Well acidizing treatments are conducted to enhance rock permeability, remove or bypass formation damage. During field applications, corrosion inhibitors are extensively used, among many other additives, to protect well tubulars against acid attack. The inhibitors are complex mixtures containing: quaternary salts, acetylenic alcohols, surfactants, solvents and impurities. Therefore, several analytical techniques and instruments are needed to characterize these compounds.

Capillary electrophoresis (CE) is a rapid and reliable analytical separation technique. It has significantly improved over the last two decades to include a wide range of analytical applications, such as: food, pharmaceutical and biomedical industries. Coupling CE to universal detectors, such as Mass Spectrometry (MS) can boost the analytical ability of this instrument in qualitative and quantitative applications.

In a previous work (SPE 58801) the authors adopted a CE technique to monitor the level of key oxygenated compounds in acid additives that are also used in deep, hot and sour gas wells.
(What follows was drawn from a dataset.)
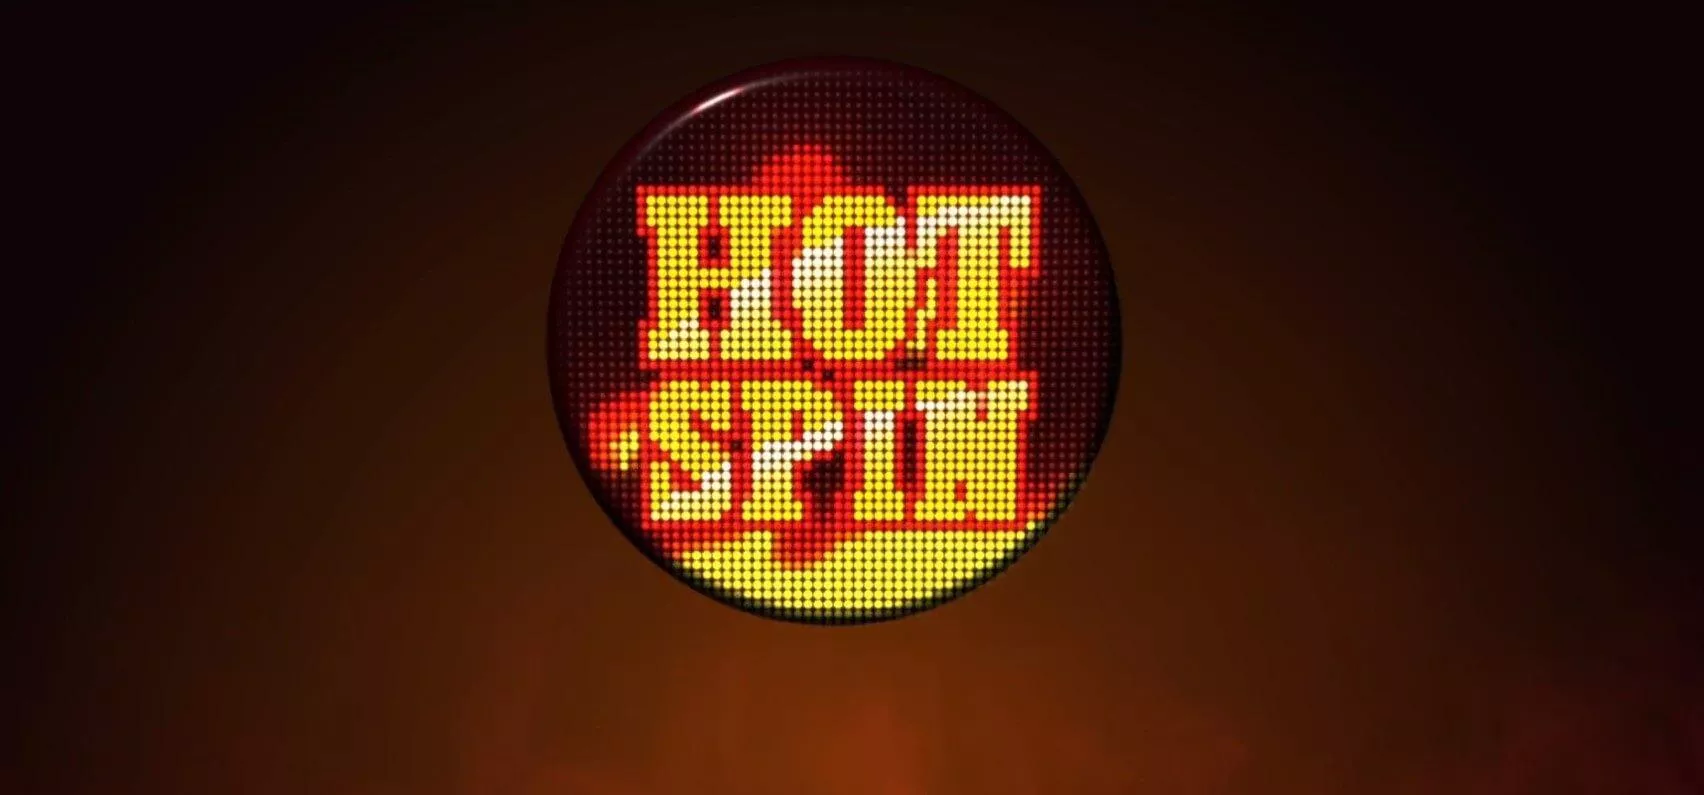 Hot Spin slot

In the present work, the use of capillary electrophoresis-mass spectrometry (CE-MS), chromatographic and spectrometric techniques, to identify key nitrogen compounds in acid corrosion inhibitors was investigated. The inhibitors were selected from several commercial products that are commonly used in the field.

Capillary electrophoresis was also applied for quantitative measurement of the inhibitor's level in well fluids, based on the response of its key nitrogen compounds. A linear relationship was obtained for the inhibitors of interest. The cation selected was a quinoline-based quaternary salt. This cation was detected down to inhibitor's level of 0.023 wt% with an analytical precision of less than 10%.

The CE technique was used to determine the level of the corrosion inhibitors during acid fracturing treatments of deep gas wells.